What to produce >> Pictures aside, please retype the whole listing word for word.
*** Data below Section Begins ***
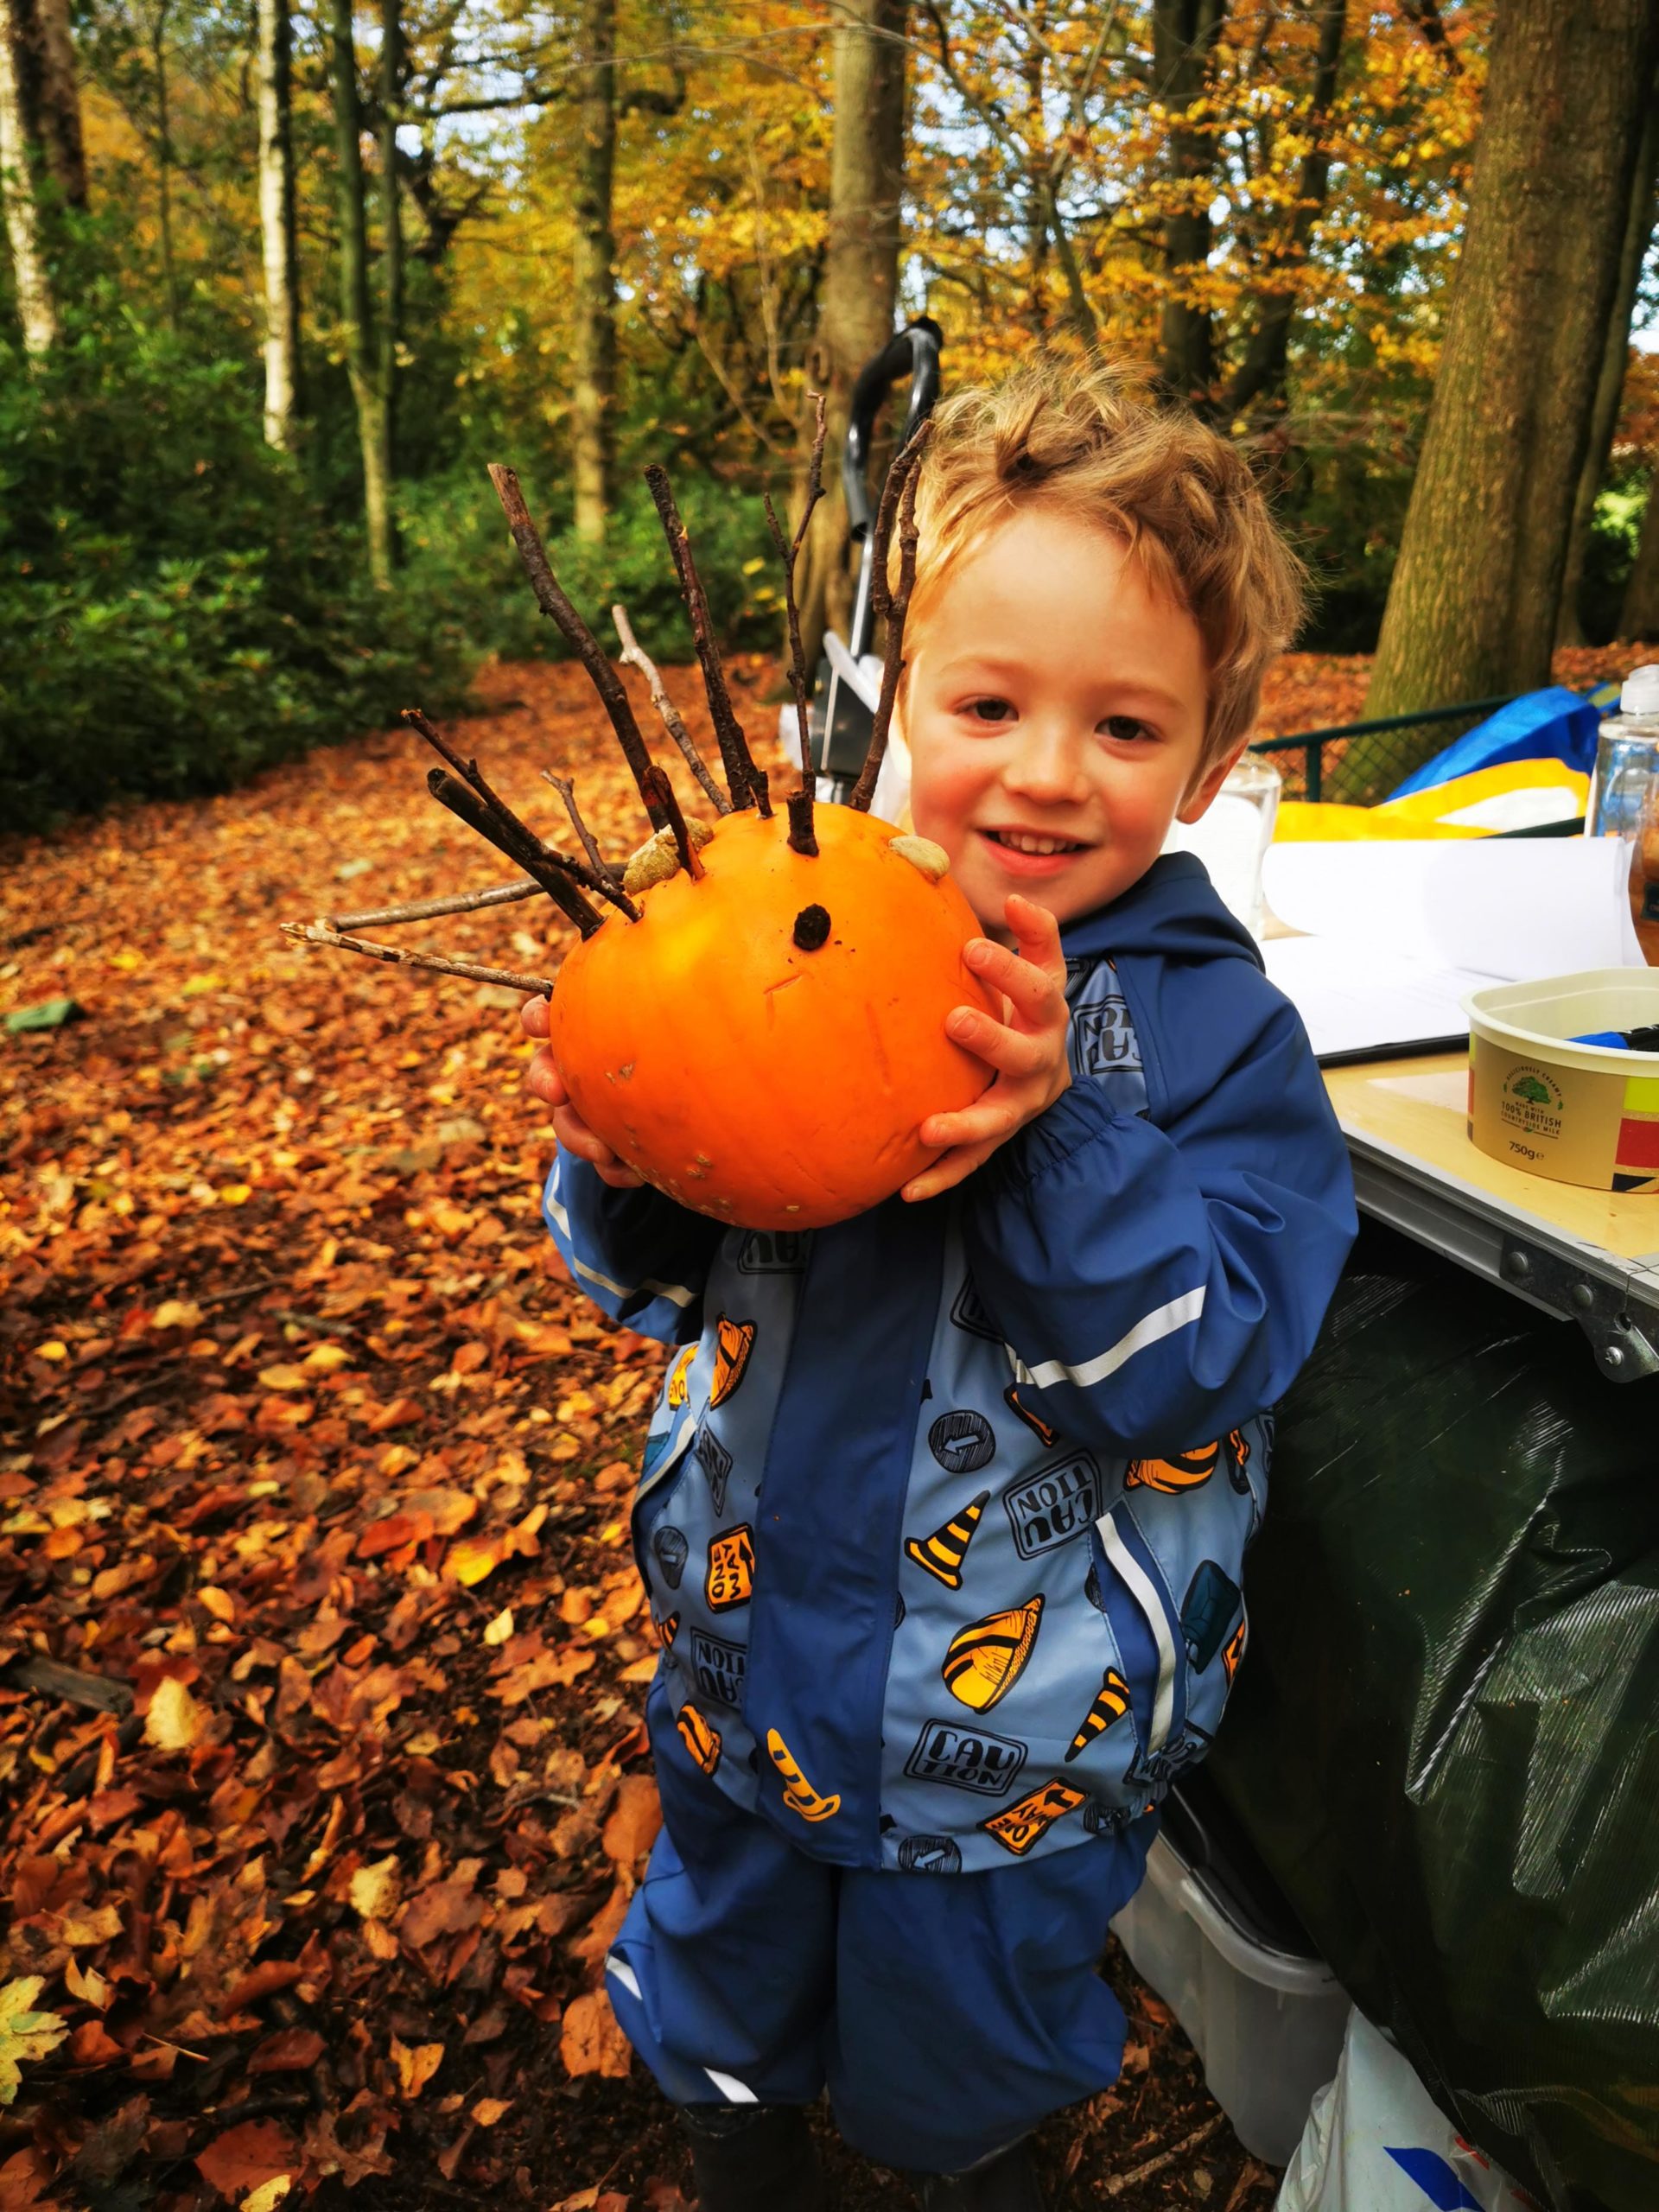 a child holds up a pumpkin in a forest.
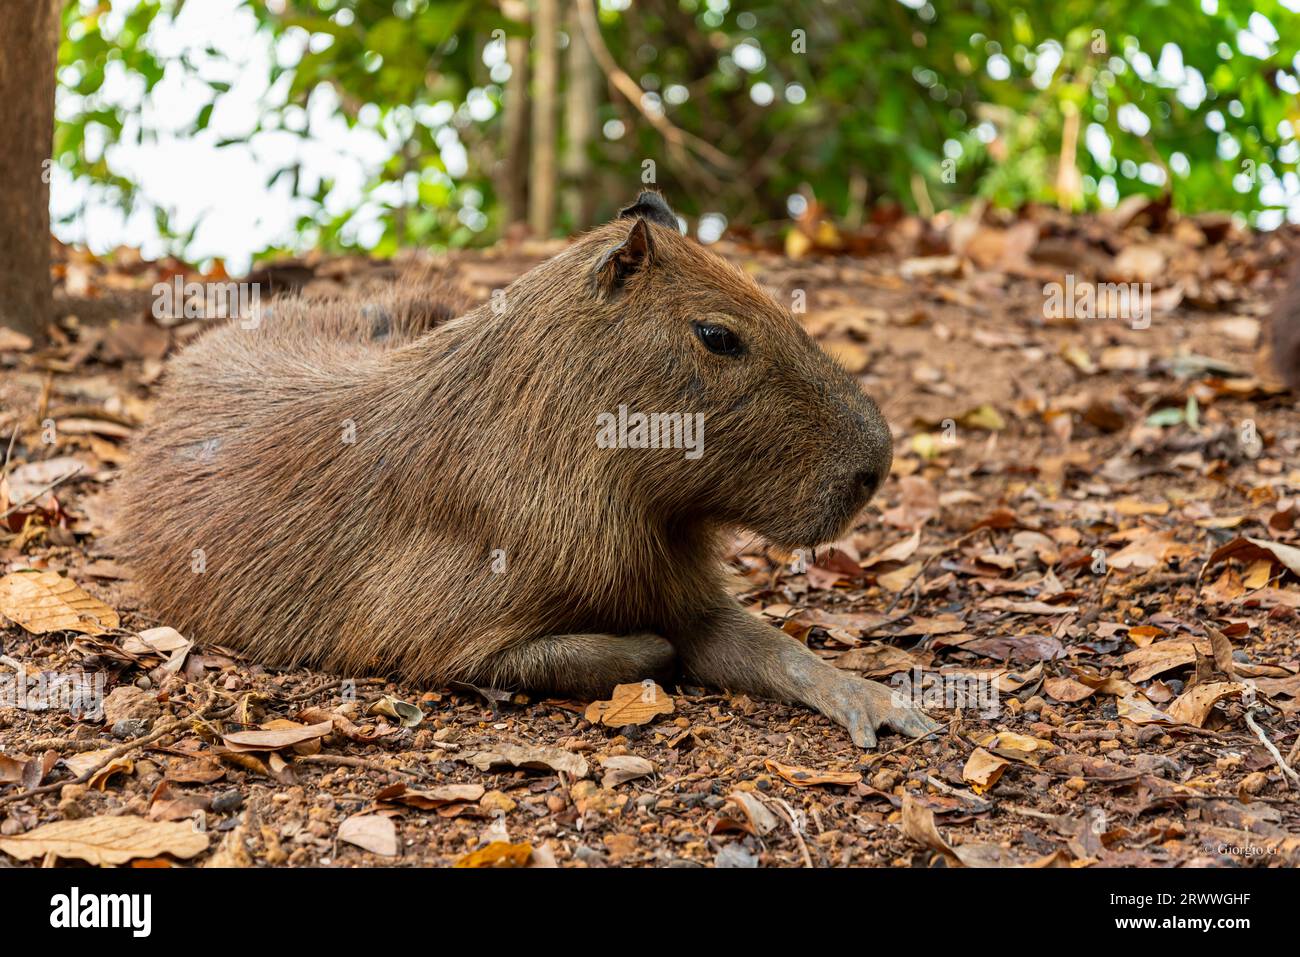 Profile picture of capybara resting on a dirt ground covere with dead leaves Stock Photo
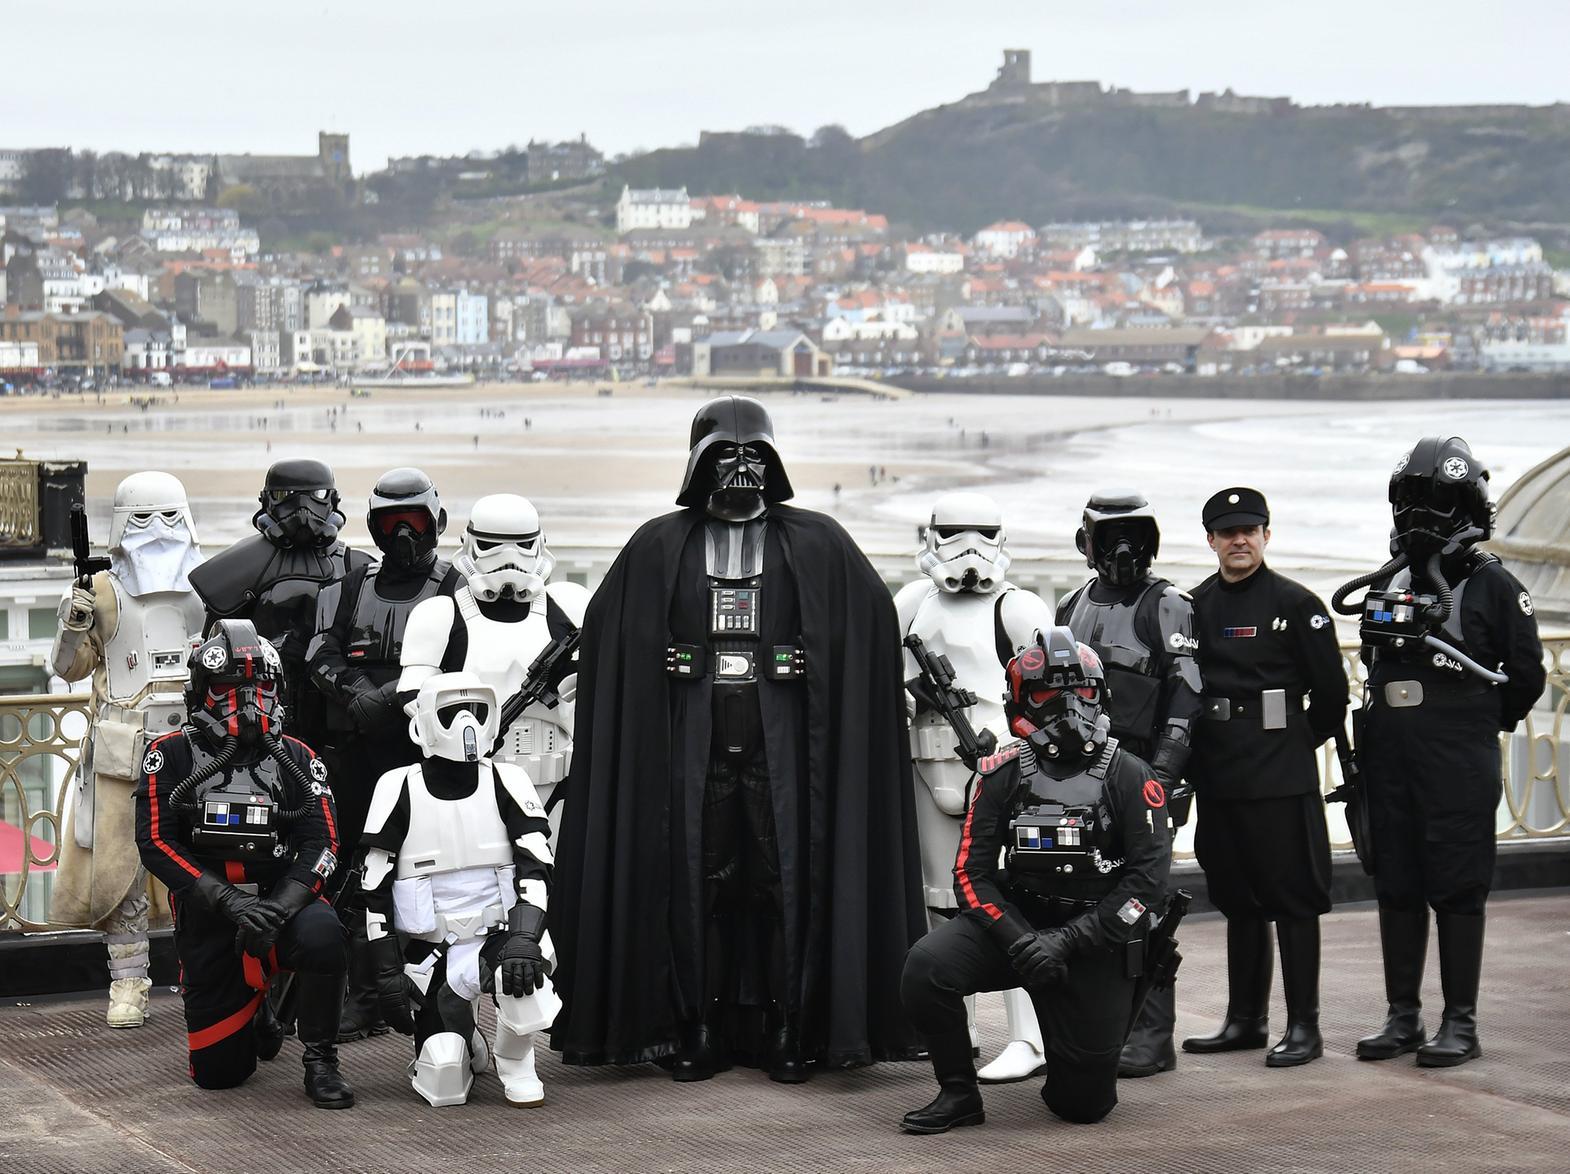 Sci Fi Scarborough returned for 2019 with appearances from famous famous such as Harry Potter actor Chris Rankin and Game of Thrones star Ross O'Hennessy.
*** Data below Section Ends ***
Answer below >>
 a child holds up a pumpkin in a forest.
 Profile picture of capybara resting on a dirt ground covere with dead leaves Stock Photo
 Sci Fi Scarborough returned for 2019 with appearances from famous famous such as Harry Potter actor Chris Rankin and Game of Thrones star Ross O'Hennessy.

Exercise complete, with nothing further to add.